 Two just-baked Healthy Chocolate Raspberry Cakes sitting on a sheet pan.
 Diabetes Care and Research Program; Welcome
==
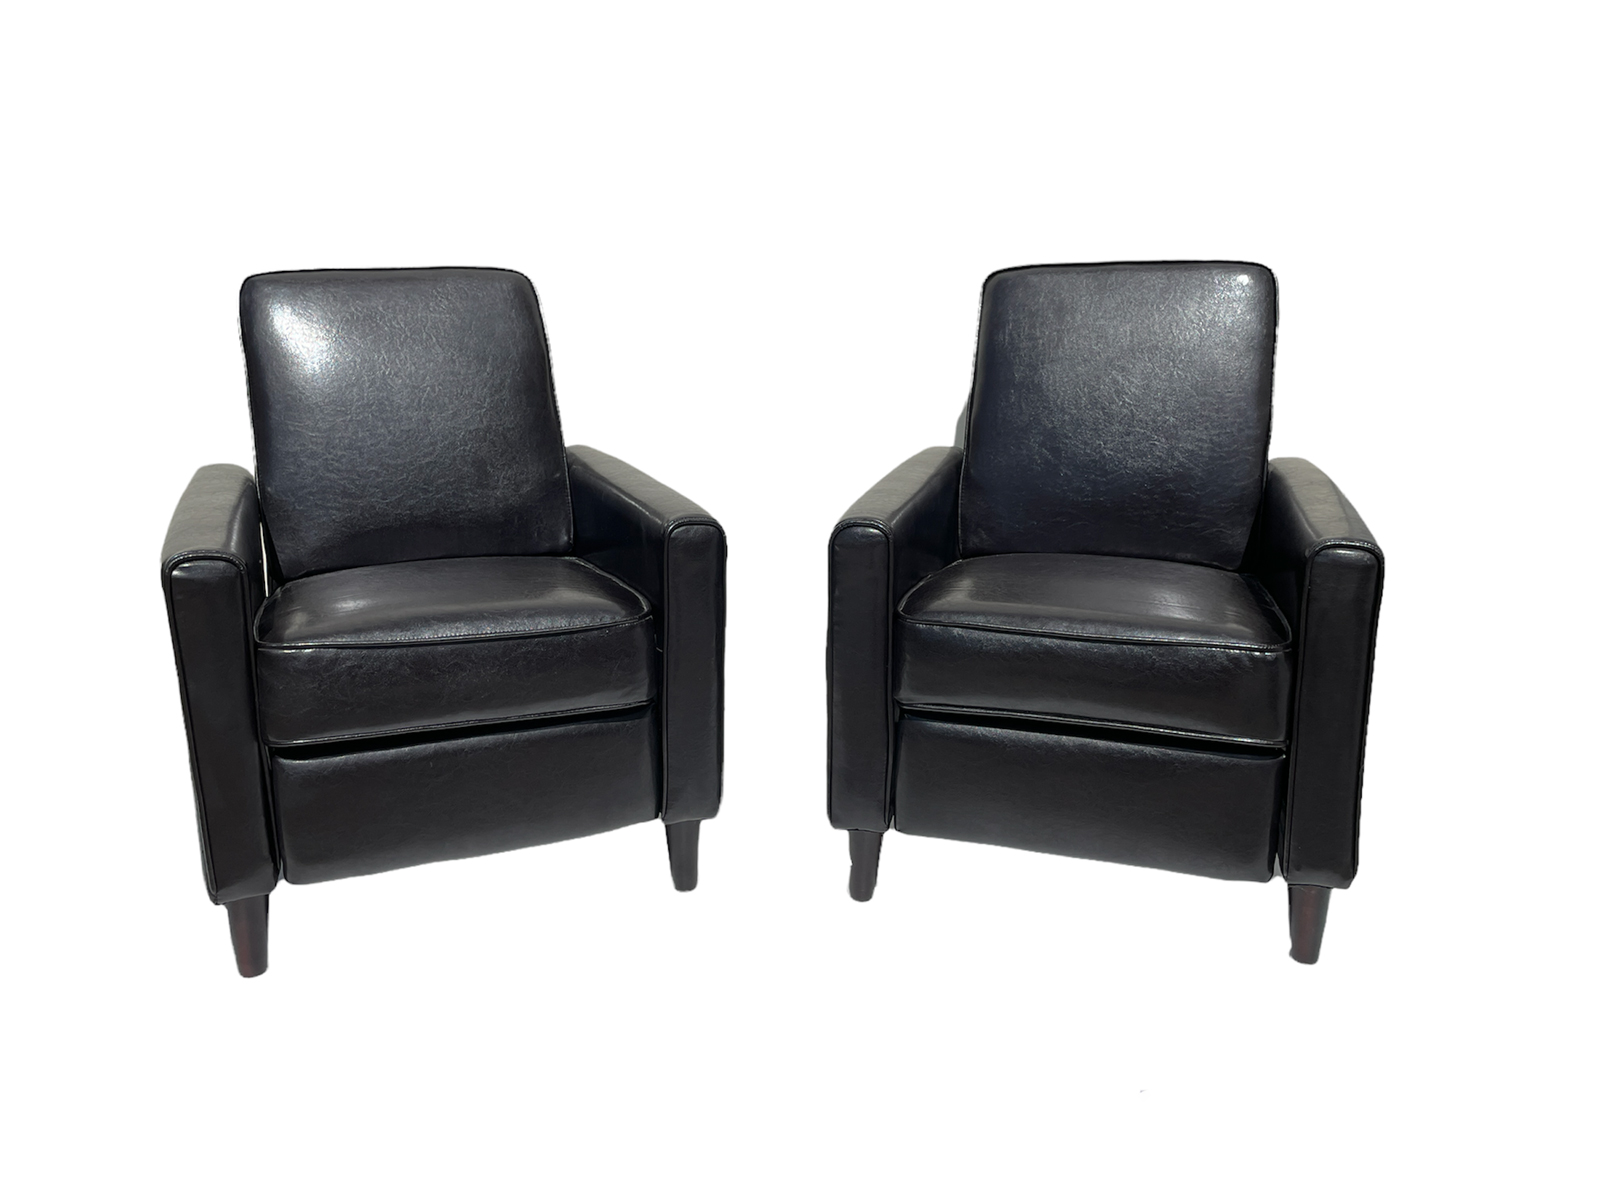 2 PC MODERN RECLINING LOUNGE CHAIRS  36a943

WHAT YOU WILL DO: Among the entries above, locate the lines containing "Two just-baked Healthy" and "Diabetes Care and Research Program; Welcome", and transcribe exactly those two lines and all lines between.

TASK ANSWER:
 Two just-baked Healthy Chocolate Raspberry Cakes sitting on a sheet pan.
 Diabetes Care and Research Program; Welcome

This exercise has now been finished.